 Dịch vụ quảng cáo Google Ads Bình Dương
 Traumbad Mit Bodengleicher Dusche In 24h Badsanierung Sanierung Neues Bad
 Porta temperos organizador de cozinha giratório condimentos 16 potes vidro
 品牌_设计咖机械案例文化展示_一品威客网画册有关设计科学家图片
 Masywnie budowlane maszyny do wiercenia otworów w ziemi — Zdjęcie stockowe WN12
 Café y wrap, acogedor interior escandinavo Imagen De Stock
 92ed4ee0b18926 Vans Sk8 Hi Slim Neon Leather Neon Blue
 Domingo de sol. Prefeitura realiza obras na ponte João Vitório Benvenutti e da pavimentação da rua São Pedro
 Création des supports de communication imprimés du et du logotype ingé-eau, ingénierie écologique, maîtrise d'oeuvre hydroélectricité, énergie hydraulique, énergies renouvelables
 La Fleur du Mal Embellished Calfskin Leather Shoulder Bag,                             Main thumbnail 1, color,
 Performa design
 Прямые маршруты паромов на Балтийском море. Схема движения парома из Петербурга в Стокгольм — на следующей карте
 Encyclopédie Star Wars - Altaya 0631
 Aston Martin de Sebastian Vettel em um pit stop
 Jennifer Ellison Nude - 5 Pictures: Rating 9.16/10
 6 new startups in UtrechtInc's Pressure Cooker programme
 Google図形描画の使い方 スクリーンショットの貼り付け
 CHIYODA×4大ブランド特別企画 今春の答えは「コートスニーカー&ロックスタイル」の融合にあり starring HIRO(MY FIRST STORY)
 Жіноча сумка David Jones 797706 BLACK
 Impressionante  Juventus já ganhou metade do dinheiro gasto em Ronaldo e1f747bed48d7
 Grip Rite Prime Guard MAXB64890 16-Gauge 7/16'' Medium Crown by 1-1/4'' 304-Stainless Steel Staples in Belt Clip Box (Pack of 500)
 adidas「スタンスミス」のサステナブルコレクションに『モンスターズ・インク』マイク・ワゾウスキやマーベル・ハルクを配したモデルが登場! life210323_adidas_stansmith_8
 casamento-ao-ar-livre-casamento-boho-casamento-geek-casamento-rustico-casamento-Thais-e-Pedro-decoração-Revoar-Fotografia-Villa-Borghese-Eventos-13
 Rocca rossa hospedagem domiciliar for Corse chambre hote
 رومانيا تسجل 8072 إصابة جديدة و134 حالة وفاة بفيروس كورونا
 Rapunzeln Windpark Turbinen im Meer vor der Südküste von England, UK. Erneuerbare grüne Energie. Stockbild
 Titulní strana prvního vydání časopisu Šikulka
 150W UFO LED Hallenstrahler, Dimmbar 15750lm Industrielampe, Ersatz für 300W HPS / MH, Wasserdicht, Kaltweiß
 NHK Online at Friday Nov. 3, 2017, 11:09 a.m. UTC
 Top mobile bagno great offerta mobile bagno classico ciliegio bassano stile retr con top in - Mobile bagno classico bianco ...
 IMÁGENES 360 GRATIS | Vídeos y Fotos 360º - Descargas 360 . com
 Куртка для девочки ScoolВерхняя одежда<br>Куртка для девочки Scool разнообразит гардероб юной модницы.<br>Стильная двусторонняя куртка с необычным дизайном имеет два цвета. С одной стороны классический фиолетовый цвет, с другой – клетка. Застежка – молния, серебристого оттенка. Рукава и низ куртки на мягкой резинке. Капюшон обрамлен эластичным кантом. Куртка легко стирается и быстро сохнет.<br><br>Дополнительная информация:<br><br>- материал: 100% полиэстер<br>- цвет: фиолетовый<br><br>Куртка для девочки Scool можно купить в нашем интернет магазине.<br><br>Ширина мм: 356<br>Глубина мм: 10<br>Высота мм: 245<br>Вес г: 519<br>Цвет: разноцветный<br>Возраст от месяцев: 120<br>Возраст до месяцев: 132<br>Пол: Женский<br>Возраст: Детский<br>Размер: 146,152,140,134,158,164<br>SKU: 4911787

> WHAT YOU NEED TO DO: State the number of lines of the preceding material in which the word "Pedro" is found, and nothing more.

> SOLUTION FOR THIS PROBLEM: 2